I saw Niam and XXX kissing! XXX wants to have Niam’s babies! Niam is going to marry XXX!

Niam hasn’t even said one damn word to me so I angrily eat my dinner and refuse to talk anyone. I console myself that I’ll probably be in another state and another school next year and I won’t have to think about any of these people teasing me. I won’t have to think about my feelings. I won’t have to worry that Niam is a boy who will torment me when he sees me in the halls or the lunchroom or the playground past this June. And June isn’t all that far away anyway.

After dinner we’re treated to a hay ride. I jump in the first cart, eager to get away from my problems and my friends from class sit next to me right away, but the last person in our cart is Niam.
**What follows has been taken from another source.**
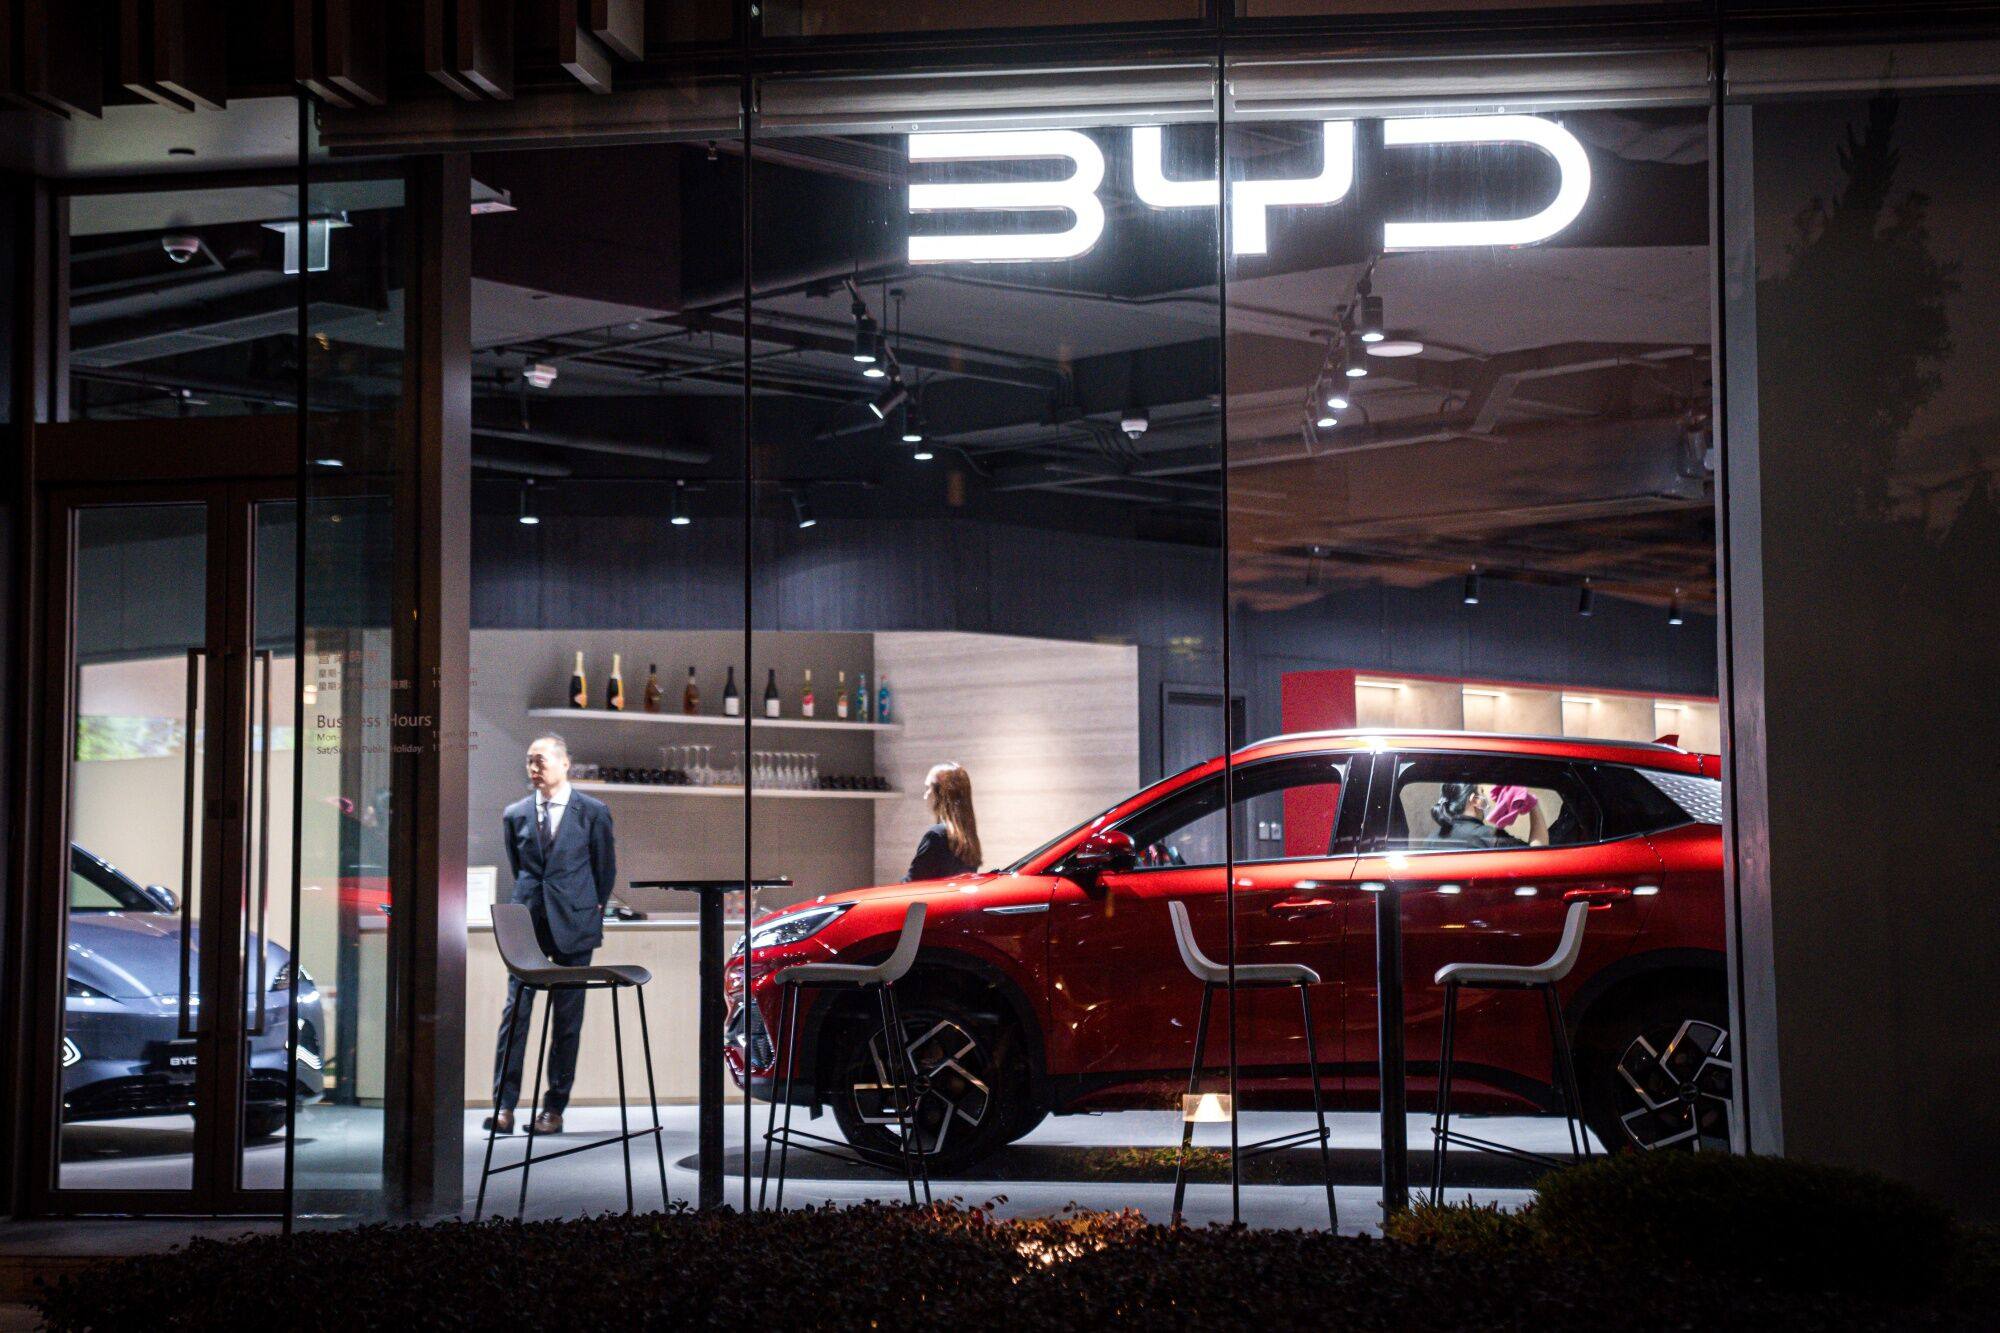 A car showroom in Hong Kong on January 13. In mainland China, the world’s biggest EV market, sales growth is expected to slow to 20 per cent this year, from a projected 30 per cent last year. Photo: Bloomberg

Everyone giggles and once the cart starts moving they shuffle around in the back until Niam is seated next to me and then they move away from us, giving us space to talk semi-privately.

“No” I whisper harshly at him.

“No? But I didn’t say anything” he looks at me with his hands open and his head cocked to the side.

“Fine. Say it.” I feel like I’m daring him to confess his darkest secrets to me.

“I got you this,” he pulls something from his backpack and presses it into my hands, “it doesn’t mean anything unless you like me but if you don’t, you can think of it as an apology for other people being dumb.”

It’s a stuffed animal. In the low light and with the wagon bouncing around it takes a second to see that it’s a stuffed tiger wearing a green shirt with the words “Frost Valley” on it.

It’s fur is soft under my hands.

“I really like you” he stares off the side of the wagon like he hasn’t uttered the words. I let it hang so long I can almost taste his anxiety. “And….I just wanted to ask you to the dance next week.”

I stare at the tiger and then back at the boy who is so terrified of me and yet, so clearly enamored with me. “I don’t know if I like-like you but I’d like to go to the dance with you.” He smiles brightly like I granted him a wish, “Thanks for asking me finally.” Like he granted me a wish in return.

He nervously turns away from me again, but this time he also lays his hand down next to mine. And when I put my hand over his, no one says anything because they can’t see it in the dark.